The Effects of War in Mametz Wood and Futility

Topics: Poetry, Sun, Stanza Pages: 2 (854 words) Published: April 9, 2013
Compare how poets present the effects of war in ‘Mametz Wood’ and in one other poem from Conflict. The poems that I will be comparing are the poems, Mametz Wood and Futility. Both Mametz Wood and Futility are about the death of ordinary men in the First World War. They both contrast the images of men and earth and both are concerned with the memory of the dead. Owen's work, however, seems angry at the indifference of nature to the fate of innocent men. Sheers' poem sees a deeper connection between the two elements. The earth itself becomes a kind of witness to the meaningless tragedy. Mametz Wood is written in three-line stanzas. The length of the lines changes. In some cases (for instance lines 4 and 12) the longer lines very clearly break up the neat form of the poem. These suggest the uneven ploughed field or the chits of bone rising out of the ground. The use of full-stops shows there is a clear, regular structure within the poem: a single stanza is followed by a pair of stanzas, then another single stanza is followed by another pair. The final, seventh stanza acts as a conclusion. This structure reflects the changing focus of the poem – from the land (the single stanzas one and four) then bones and people (the paired stanzas that come next). The final stanza then joins these three things into a single image: the 'unearthed' skulls singing in celebration.
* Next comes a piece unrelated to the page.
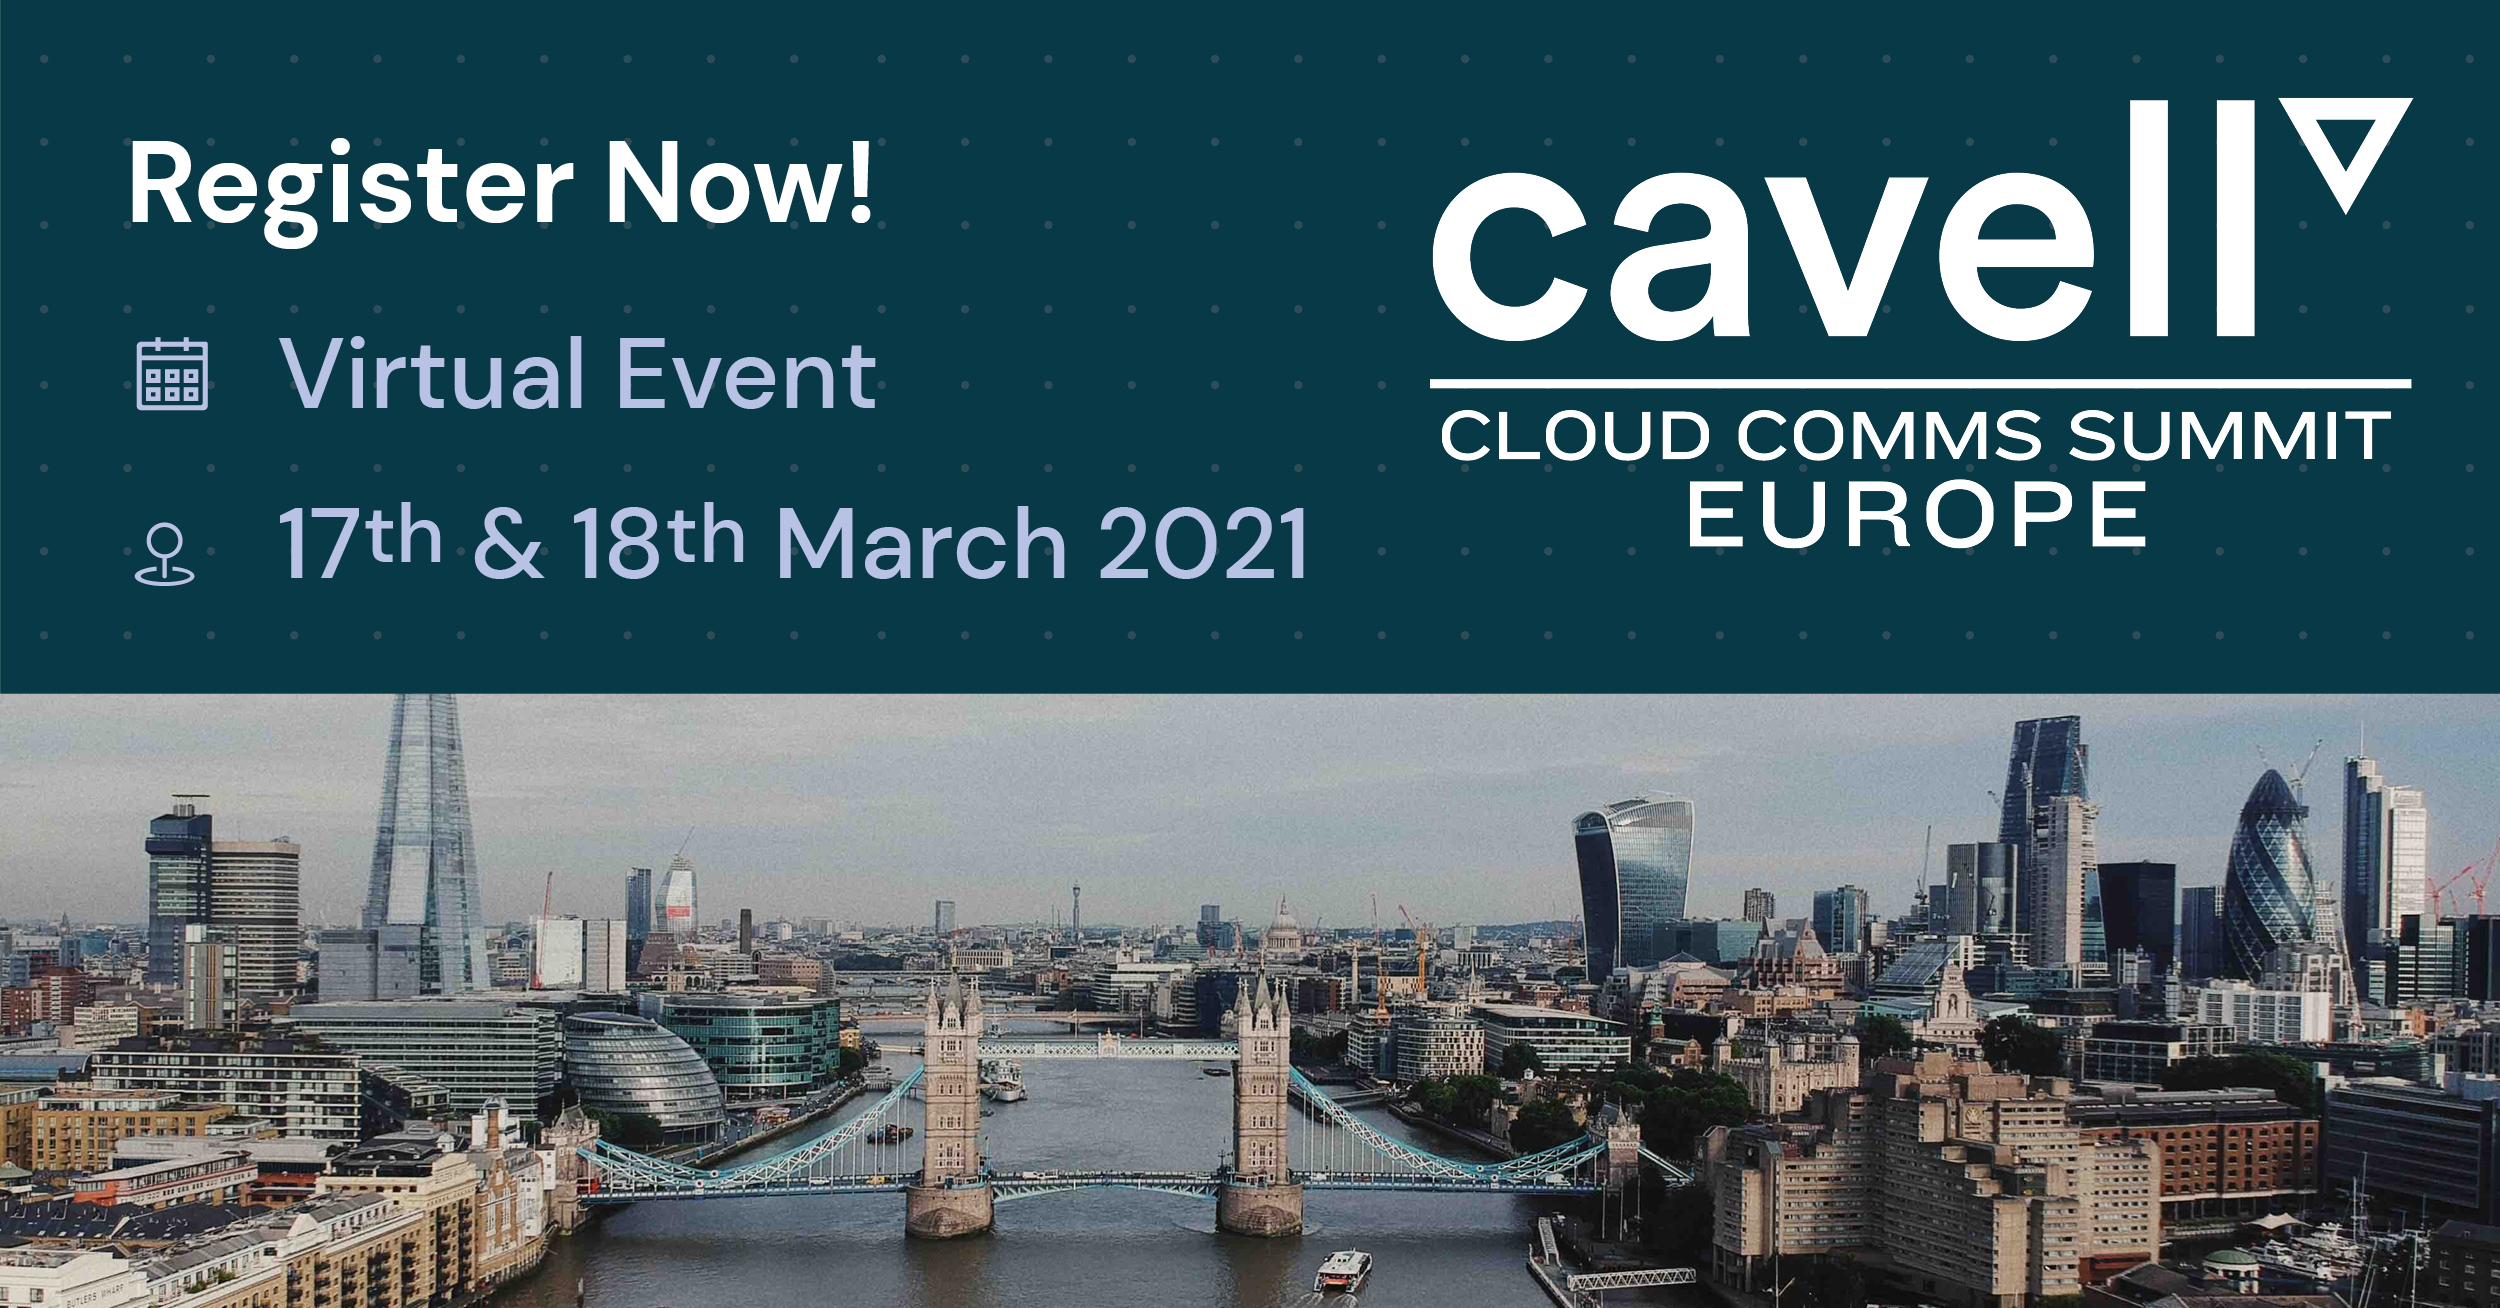 cloud comms summit europe
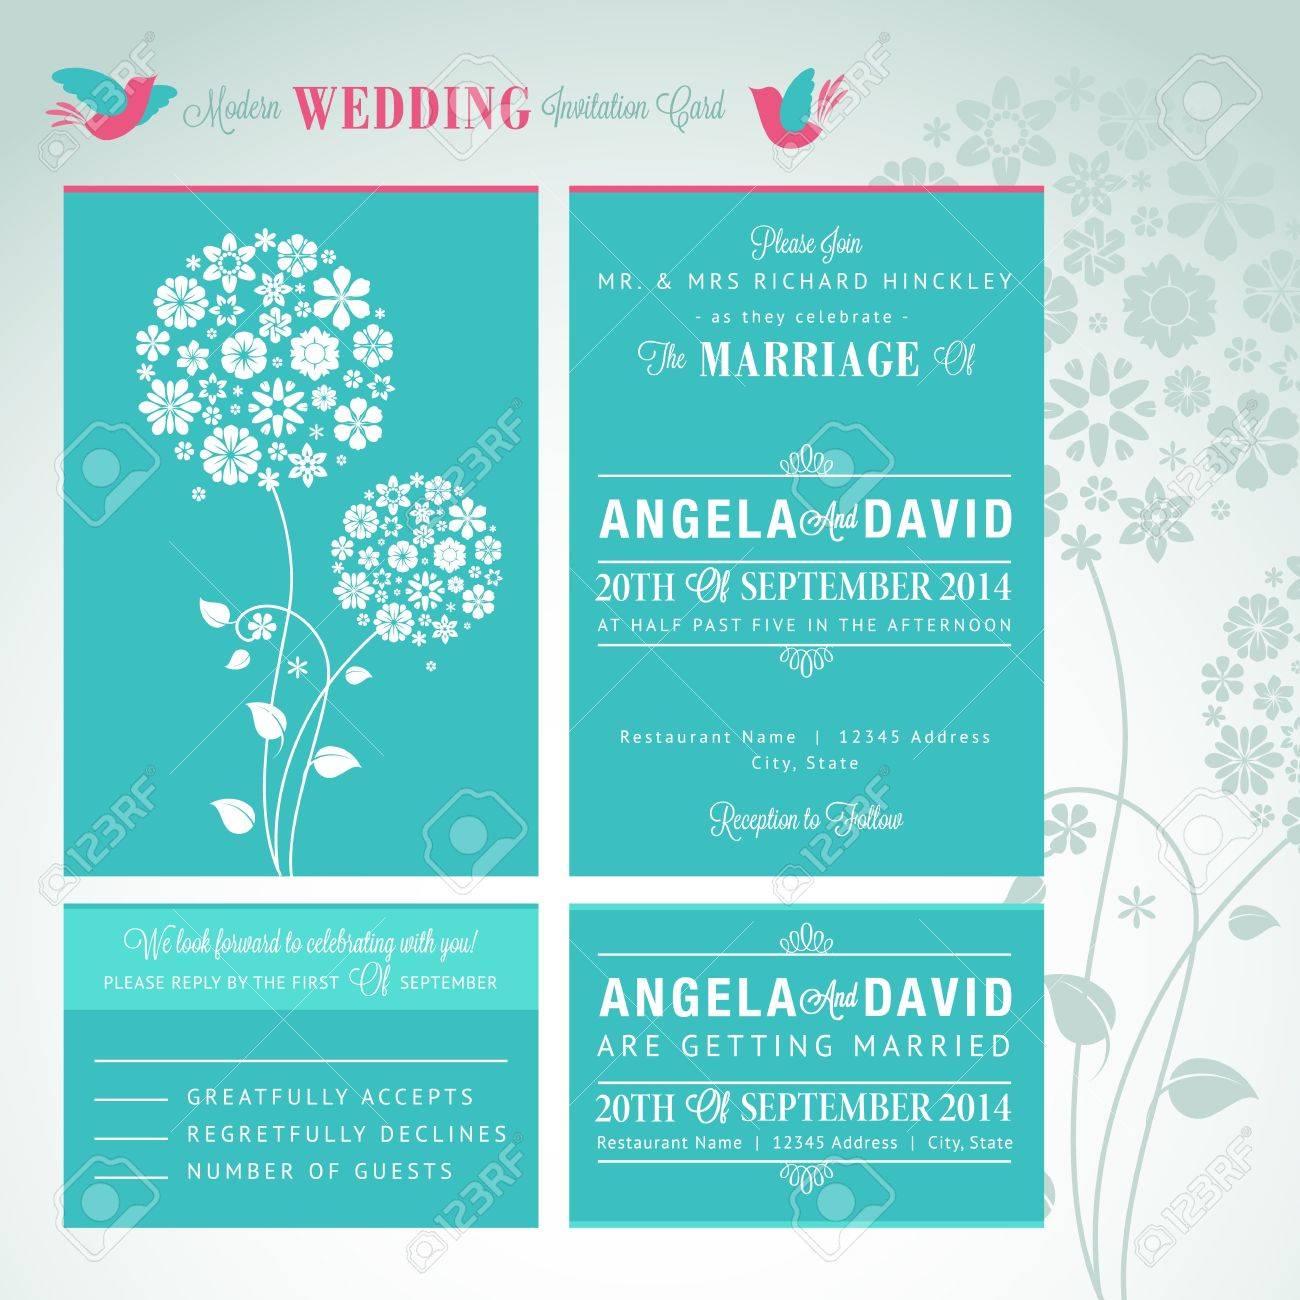 Modern Wedding Invitation Card Royalty Free Cliparts, Vectors, And ...

Futility however is written in a sonnet form but is not structured like one. The two stanzas each show different feelings that the persona has for example it starts off with hope and confidence and ends in despair. The poem begins with a statement that suggests an action happening now. The sun is seen as something positive. The second stanza begins with a different statement. The narrator is no longer thinking of the man who is dying but life and death generally. We can therefore work out that the man has died and the sun has made no difference. The sun then becomes the object of the poet's anger. The key...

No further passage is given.